A paradigm is presented linking the treatment planning process with the imaging technique, allowing definition of an imaging VOI to be tailored to the geometry of the patient. Missing data in truncated projection images are completed using a priori information in the form of digitally reconstructed radiographs (DRRs) generated from the planning CT set. This method is compared to a simpler technique of extrapolating truncated projection data prior to reconstruction. The utility of these approaches is shown through imaging of a geometric phantom and the head-and-neck section of a lamb. The total scatter factor of the 2.35 MV∕carbon beam on field size is measured and compared to a standard therapeutic beam to estimate the comparative dose reduction inside the VOI. Thermoluminescent dosimeters and Gafchromic film measurements are used to compare the imaging dose distributions for the 2.35 MV∕carbon beam between VOI and full-field techniques. The dependence of CNR on VOI dimension is measured for VOIs ranging from 4 to 15 cm diameter.
Without compensating for missing data outside of truncated projections prior to reconstruction, pronounced boundary artifacts are present, in three dimensions, within 2-3 cm of the edges of the VOI. These artifacts, as well as cupping inside the VOI, can be reduced substantially using either the DRR filling or extrapolation techniques presented. Compared to 6 MV, the 2.35 MV∕carbon beam shows a substantially greater dependence of total scatter factor on field size, indicating a comparative advantage of the VOI approach when combined with the low-Z target beam. Dosimetric measurements in the anthropomorphic head phantom demonstrate a dose reduction by up to 15% and 75% inside and outside of the VOI, respectively, compared to full-field imaging. For the 2.35 MV∕carbon beam, CNR was shown to be approximately invariant with VOI dimension for bone and lung objects.

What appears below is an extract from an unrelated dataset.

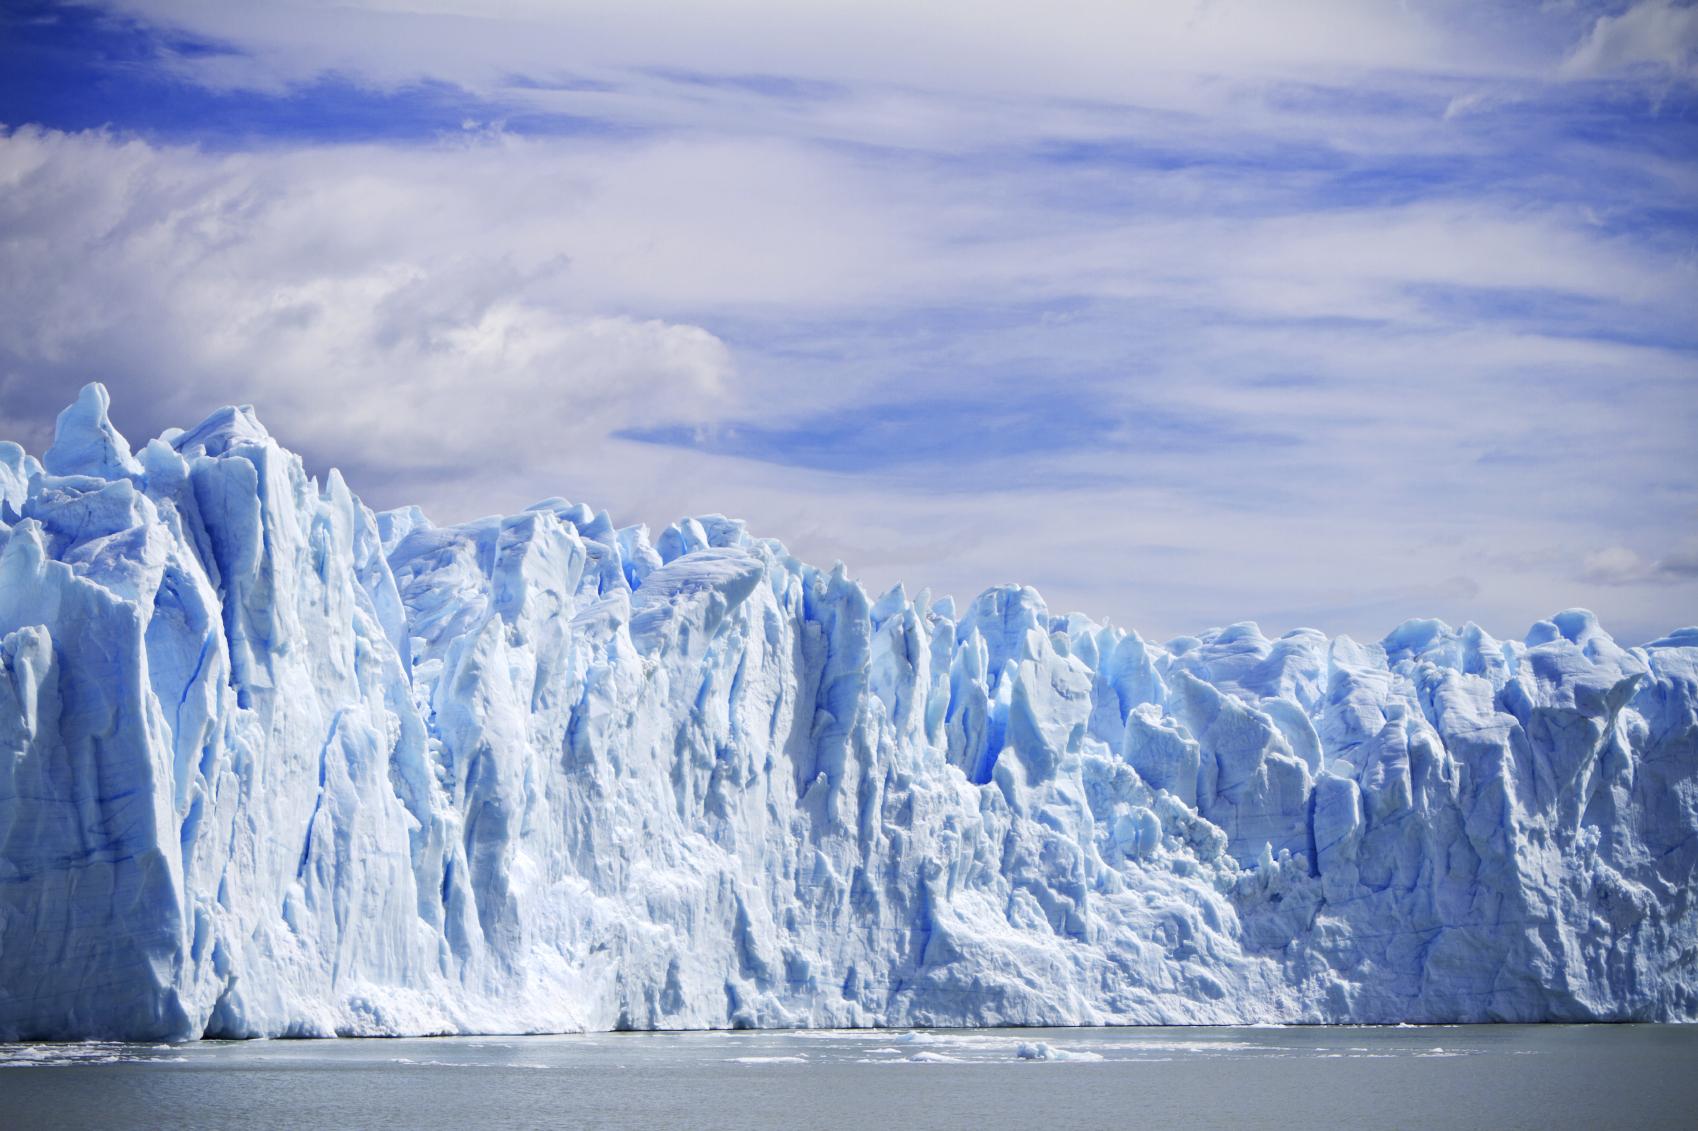 Με διπλάσια ταχύτητα θερμαίνεται η περιοχή της Αρκτικής

The low-Z target, VOI CBCT technique appears to be feasible and combines the desirable characteristics of the low-Z target beam with regard to CNR, with the capacity to localize the imaging dose to the anatomy relevant to the image guidance task.
本研究旨在探讨利用 2.35MeV 电子束撞击碳直线加速器靶产生的 X 射线束进行感兴趣区(VOI)锥形束 CT(CBCT)成像。介绍了与 VOI CBCT 图像采集和重建相关的方法。给出了样本图像数据,以演示和比较两种方法,以最小化由于截断投影重建而产生的伪影。剂量测量量化了相对于全野 CBCT 采集的潜在剂量减少。研究了对比度噪声比(CNR)随 VOI 尺寸的变化。
提出了一种将治疗计划过程与成像技术联系起来的范例,允许根据患者的几何形状定制成像 VOI。使用从计划 CT 集生成的数字重建射线照片(DRR)的先验信息来完成截断投影图像中的缺失数据。将这种方法与在重建之前外推截断投影数据的更简单方法进行了比较。通过对几何体模和羊头颈部进行成像,展示了这些方法的实用性。测量了 2.35MV/碳束在射野大小上的总散射因子,并与标准治疗束进行比较,以估计 VOI 内的相对剂量减少。使用热释光剂量计和 Gafchromic 胶片测量来比较 2.35MV/碳束在 VOI 和全野技术之间的成像剂量分布。测量了 CNR 随 VOI 尺寸的变化,VOI 直径范围为 4 至 15cm。
在重建之前不补偿截断投影外的缺失数据,在 VOI 边缘 2-3cm 范围内,三维空间内存在明显的边界伪影。通过使用本文提出的 DRR 填充或外推技术,可以大大减少这些伪影以及 VOI 内的杯状伪影。与 6MV 相比,2.35MV/碳束的总散射因子对射野大小的依赖性明显更大,这表明在与低 Z 靶束结合使用时,VOI 方法具有比较优势。在人体头部模拟体模中的剂量测量表明,与全野成像相比,VOI 内和 VOI 外的剂量分别降低了高达 15%和 75%。对于 2.35MV/碳束,CNR 显示为对于骨和肺物体,随 VOI 尺寸大致不变。
低 Z 靶 VOI CBCT 技术似乎是可行的,它结合了低 Z 靶束在 CNR 方面的理想特性,以及将成像剂量定位到与图像引导任务相关的解剖结构的能力。